Let's talk cars. Any standard car buyer wants to get something that takes you from destination A to destination B safely. It doesn't need to be flashy or expensive, but it also can't be a piece of junk. We drive five miles per hour over the speed limit wherever we are, not much faster, not much slower. As long as the car is a sure fired thing, we don't complain too much about it.
Meet the perfect car, Zach Wright. Wright is everything you want in a catcher. Sound behind the plate, sound while talking to you on the mound, sound while handling a bat at the plate, and makes sound choices. He may not have the strong arm of Baker, or the finesse bat of Bandy, but Wright has all the tools to make him the best catching prospect in the Angels system.
Discipline is the key to Baker. He has an ability to make adjustments that not many players have, and it changes with each pitch from each different pitcher.
The flaw to Wright's discipline is his contact, or lack of. His swing is quick, and has some power behind it, but he has trouble making good contact or any contact with the ball.
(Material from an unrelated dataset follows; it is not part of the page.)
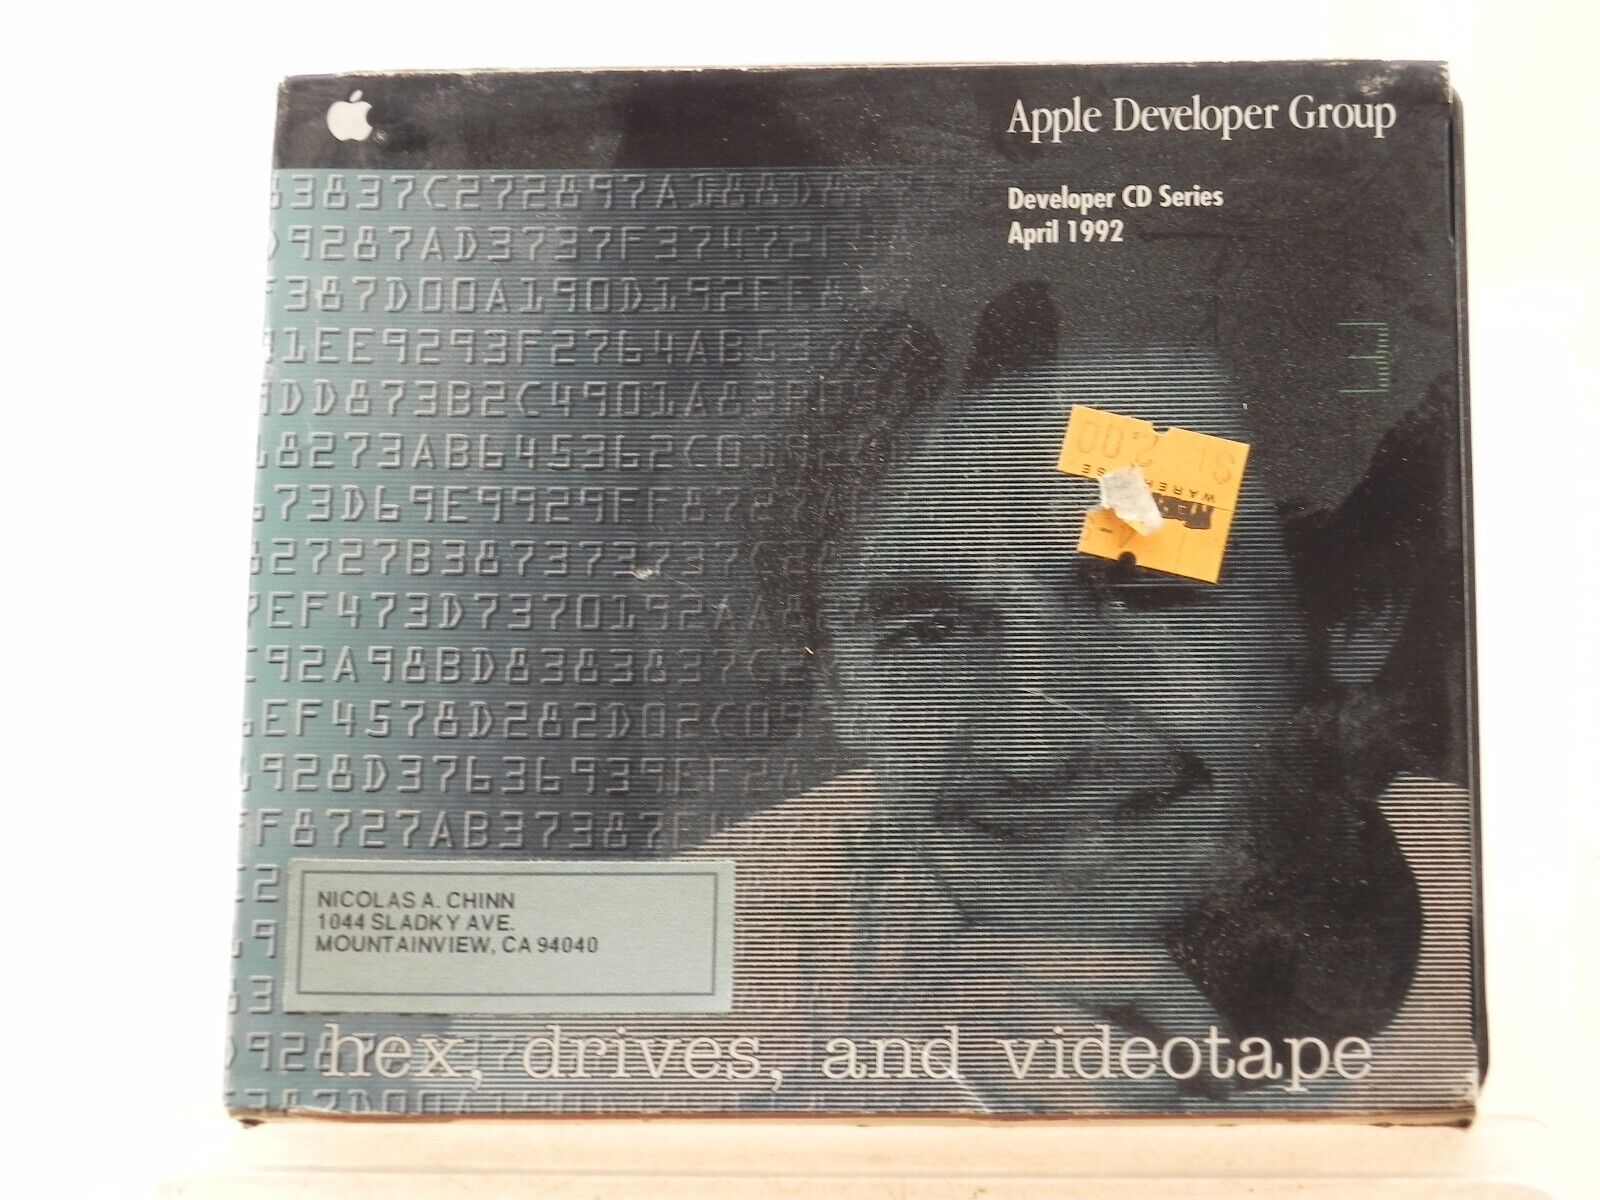 Apple Developer Group CD Series April 1992 - Hex, Drivers, and Videotape
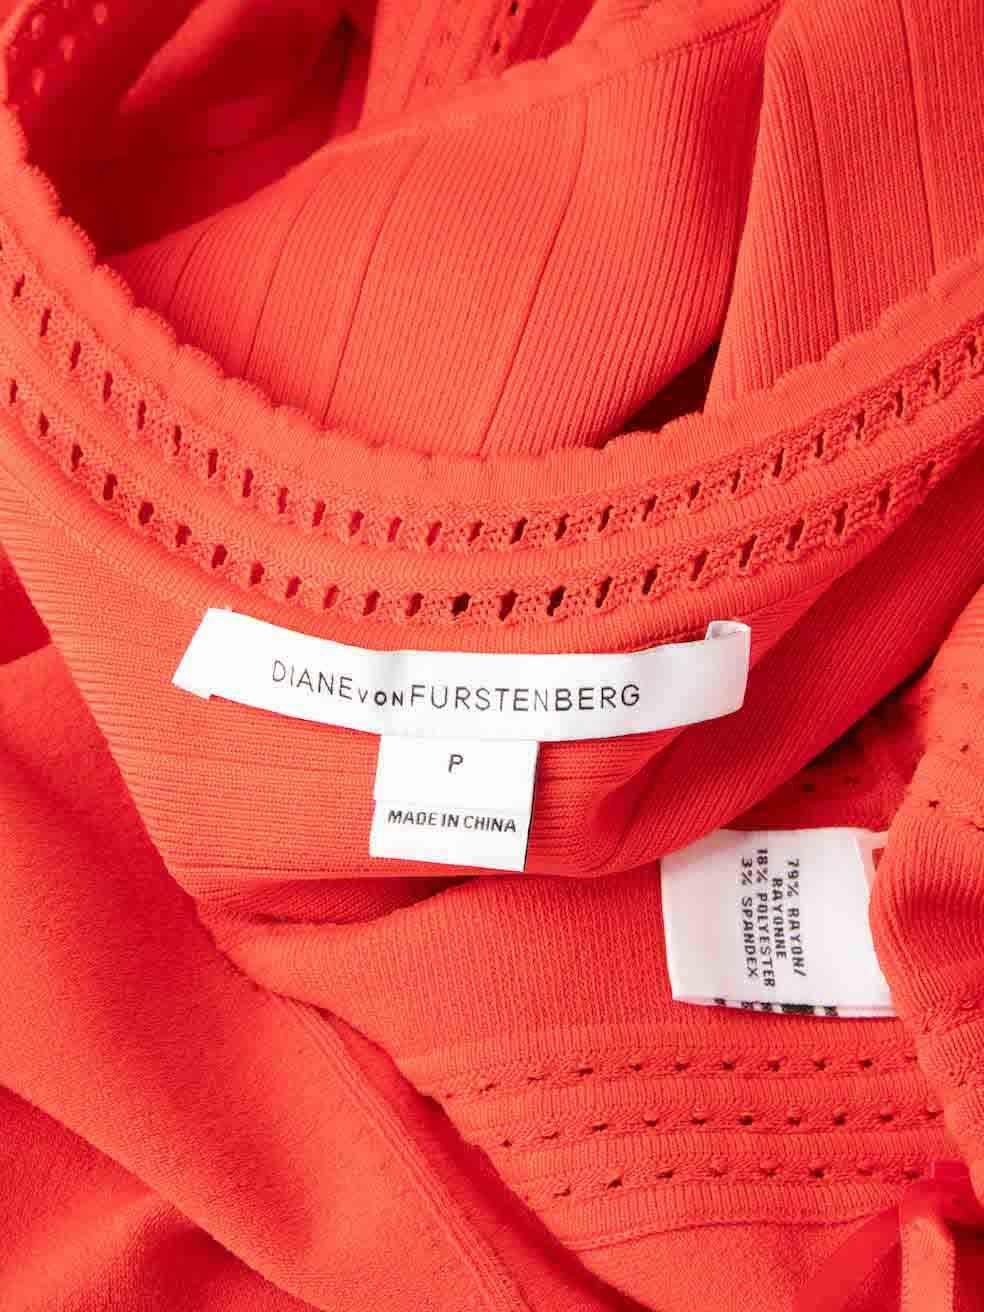 Diane Von Furstenberg Red Knit Mini Length Dress Size S For Sale 3

Wright can and will make the adjustments to his swing to make better contact, but with better pitching, it may keep him from the next level in the immediate future. Wright's power though has been a surprising element of his game helped mostly by the fact that the kid is strong. He weighs 205 pounds, and we'll tell you this, not much of that is body fat.
Wright's abilities behind the plate are good. His arm strength is above average and if he can work on a quicker release out of the glove, he could match some of the best catching arms in the system. Balls in the dirt are no challenge for Wright, but balls away (far away) seem to be his miscue. That is something that is part of his play calling that he may need to adjust his placement behind the plate.
Something that the catchers prior both had, but Wright has more of is speed. We were shocked when we saw Wright's ability to kick on the after burners on the base paths, and his actual ability to steal bases. He's not going to be known as a base stealer, but Wright's speed may match or be better than that of Angels current catcher, Hank Conger.
Wright's numbers aren't going to wow you, but they are just as we said... a sure thing. In 2012, Wright put up a .268 batting average, but where his numbers really excelled were on base percentage at .385, and his slugging percentage at .419. Wright's slugging numbers were helped mainly by his six home runs.
2013, Wright dipped off a little once he saw better pitchers in High-A. He maintained the power numbers in Low-A, and improved from the season prior with four home runs in half the games and a .459 slugging percentage. Once he saw High-A though, his slash dropped to .253/.345/.356. One big note on Wright's 2013 season was his six stolen bases.
EXPECTED OF THE FUTURE:
There's no need to rush Wright, he's young (24 in six days). 2013 showed us the flaws in his bat, which could keep him in High-A Inland Empire for 2014. There's no doubt that Wright can adjust and progress well though, so Wright should see some time in Double-A in 2014, probably near the end of the season.
Wright's future with the big club would be as a backup, but a solid backup. With Jett Bandy, Abel Baker, John Hester ahead of him in the minor league system, he'll have to show he is the better, which we believe he is. Wright could see the Majors as early as 2016, but it is more likely that he'll be there in 2017, possibly full time.